Friday, April 4, 2014

Friend Friday

I met Maureen McQuerry at the very first Pacific Northwest Booksellers Trade Show I ever attended. Her warm smile drew this newbie to her like a moth; she not only showed me the ropes, she even connected me with her event coordinator, Michele Kophs, Provato Author Events, (also known as Wonder Woman) with whom I have now worked for the past many years. I loved Maureen's wonderful YA book, The Peculiars, and was thrilled when she agreed to take time out to visit with us here. Take it away, Maureen!

Maureen McQuerry


Subtext in the Details

Picture this. At the edge of the meadow is a fence. It has been standing a long time, so long that every post leans, often at a different angle. Between the posts barbed wire stretches and in a few places sags. When you get close enough, you can see remnants: a strand of hair, a string a small piece of cloth caught in the barbs. The details of what has passed by are in held in place for us to examine.

 I have been thinking about the subtext of details. How the small things our characters pay attention to and point out to the reader can say more than the keenest dialogue. They happen below the text.

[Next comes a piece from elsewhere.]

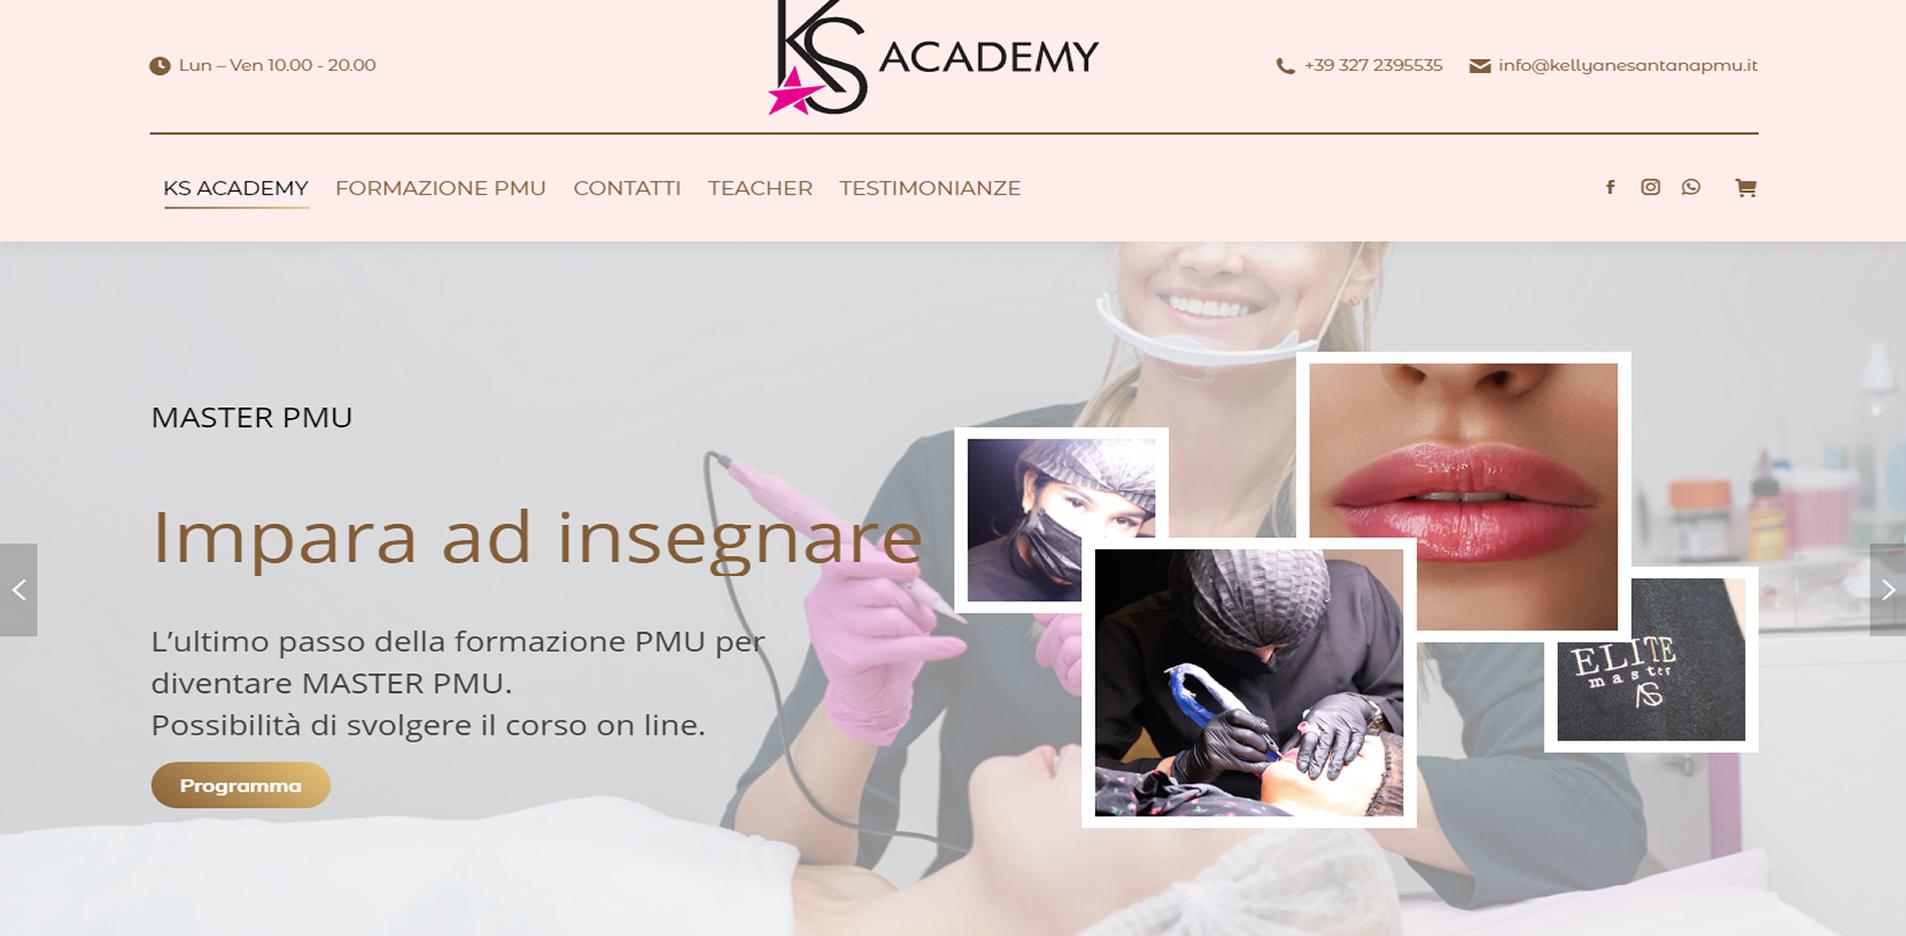 KS Academy e-commerce e-learning di WAParisi
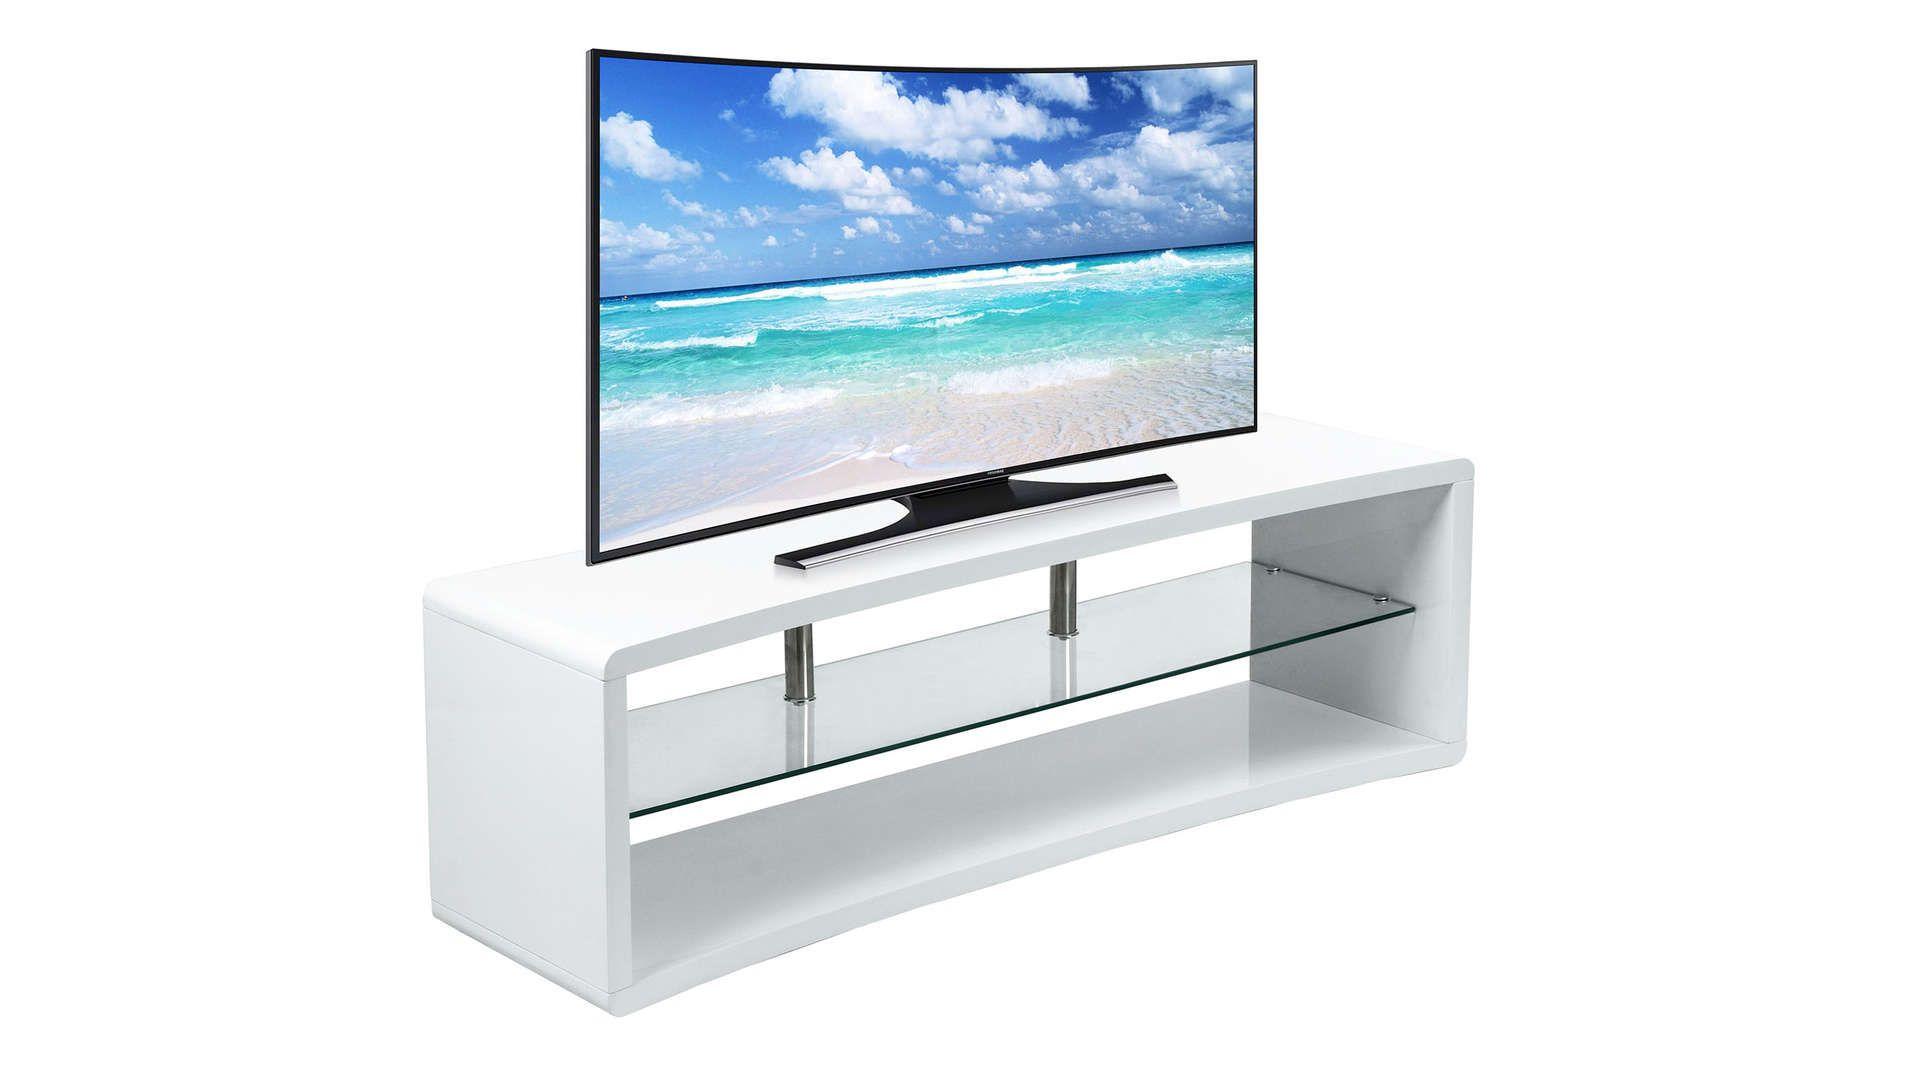 Meuble Tv 140 Cm Curve 2 Coloris Blanc En 2020 Meuble Tv Meuble

 Subtext works below spoken dialogue. It’s the unspoken emotions, conflicts, tensions that fuel our characters. And the unspoken often speaks louder than the spoken. Subtext is what’s not said. It’s the characters actions and responses.
But subtext can also be created by what our characters notice, carefully selected details that make the particular universal. These details let us in our characters thoughts even when they don’t speak a word.

Ralph Fletcher offers wise advice in What a Writer Needs:  “Don’t write about senility or a man losing his ability to take care of himself. Write about lost belt loops.”

How we can choose just the right detail to show what our character thinks and believes at that point in time without the character telling us? In the wonderful and bleak Winter’s Bone, Ree Dolly thinks about the last time she saw her father. “Walnuts were thumping to the ground in the night like stalking footsteps of some large thing that never quite came into view…”  The detail of the walnuts falling, their sound in the night builds that sense of the ominous that permeates the whole book.

Imagine two co- workers are arguing, a snarky he said/ she said kind of fight, and all the while he keeps glancing at the ticket stubs on her desk, the ones she saved from her big weekend date. As readers we build an idea of the subtext in that argument.

If you could imagine the details of your scene caught in the barbed wire fence I described, what would they be? What would the things your character notices be shouting or whispering to the reader?


Maureen divides her time between writing, teaching and presenting. Her most recent book is Beyond the Door (Abrams/Amulet), the first is a MG duo that combines, Celtic  myth, shapeshifters and a secret code in a coming of age story.  The adventure continues in The Telling Stone 2015.

Her YA novel, The Peculiars, is  an  ALA Best Book for Young Adult Readers 2013, Bank Street and Horn Book recommended book and a winner of the Westchester Award.
She teaches writing at Columbia Basin College, loves giving author talks in schools and at conferences.  When she’s not writing or reading, she’s always hoping for a real life mystery or adventure.




1 comment:

  1. Wow. This is a wonderfully useful post. I'll be posting the link to this one on my blog. Thanks!